Debates are said to have been raging in No 10 over the extent of coronavirus restrictions, with Boris Johnson unveiling the government’s three-tier lockdown system this week. The chancellor, Rishi Sunak, is understood to have been leading the “hawk” charge in cabinet, with the health secretary, Matt Hancock, considered the chief lockdown “dove” in Downing Street. Sunak gave an insight into discussions around the cabinet table, telling BBC Radio 4’s Today programme last week: “A cabinet is not a collection of robots, a cabinet is a collection of people who are gonna come, debate the issues, these are really difficult judgments, there’s no precise way to come to a kind of mathematically correct answer, we’re making judgments, the prime minister is in the best place to do that, I fully support the approach that he’s taken …”

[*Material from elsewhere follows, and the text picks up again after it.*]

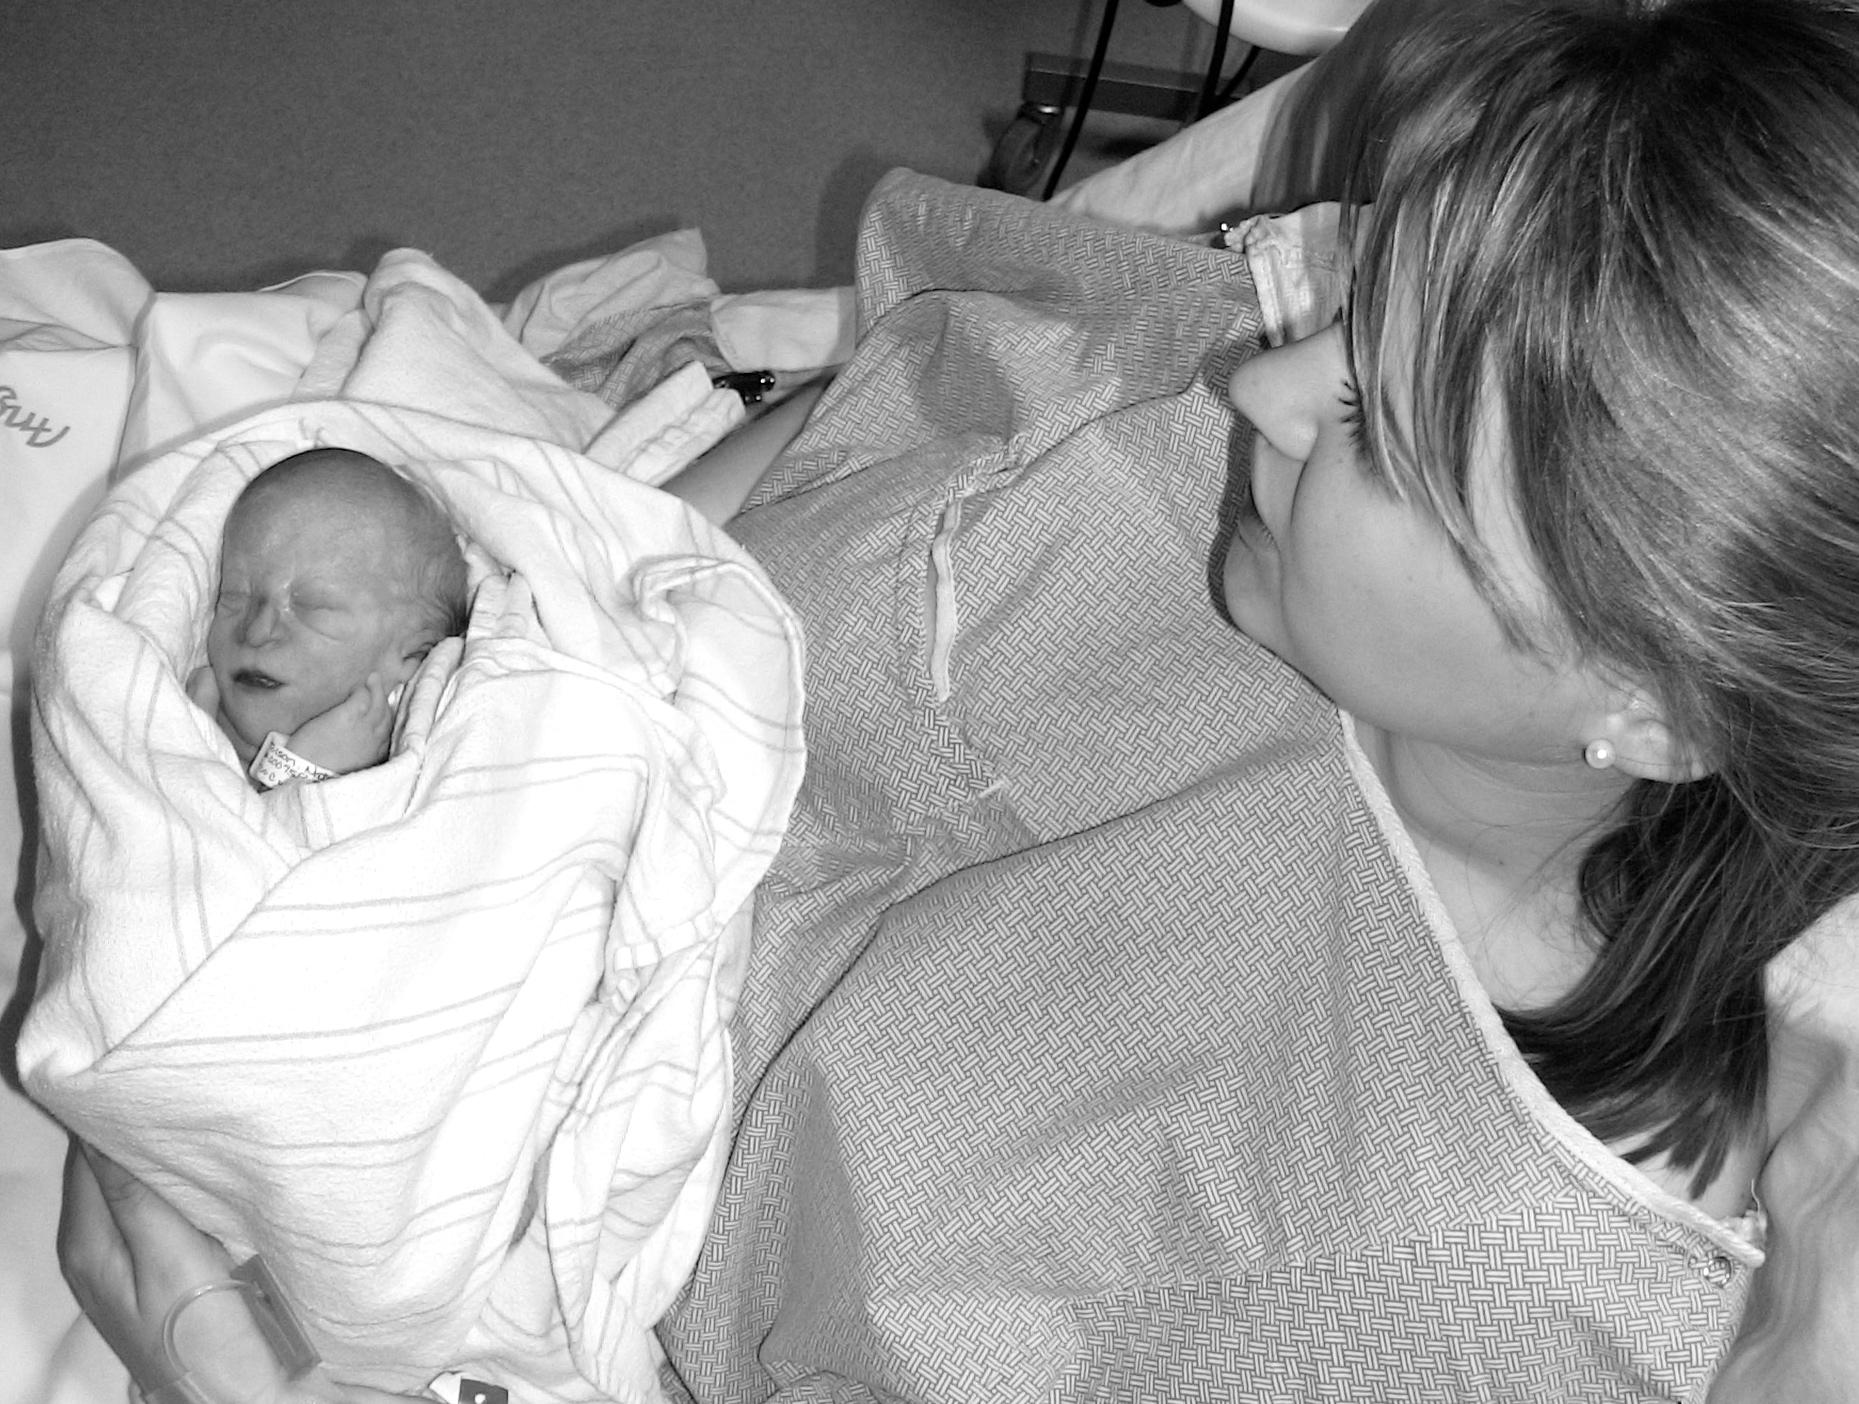 Instead was born straight into heaven from a rare congenital defect

The Labour leader, whose party until now has broadly backed the government’s lockdown measures, stuck a fork in the road on Tuesday by calling for a “circuit-breaker” lockdown of at least two weeks. Speaking at the first of his new televised press conferences, Starmer warned of the stark consequences if his position was not adopted by No 10. “If we don’t, we could sleepwalk into a long and bleak winter. That choice is now for the prime minister to make. I urge him to do so,” he said.
Starmer’s call for a national circuit-break lockdown has been backed by northern leaders, including the Greater Manchester mayor, Andy Burnham, and Liverpool city region mayor, Steve Rotheram. A statement signed by Burnham, as well as the 10 council leaders in Greater Manchester, said on Wednesday: “If the government pursues its current strategy, we believe it will leave large parts of the north of England trapped in tier 3 for much of the winter with all the damage that will do. If cases continue to rise as predicted, and the government continues to refuse to provide the substantial economic support that tier-3 areas will need, then a number of leaders in Greater Manchester believe a national circuit break, with the required financial support, would be a preferable option.”
The Scientific Advisory Group for emergencies (Sage) collectively recommended a short circuit-breaker lockdown of up to three weeks at a meeting on 21 September, documents released this week show. Separately, England’s chief medical officer, Prof Chris Whitty, who is also a Sage member, said on Monday at the Downing Street press conference that he was not confident the “base case” in the highest tier of the government’s three-tier measures “would be enough to get on top of” the virus.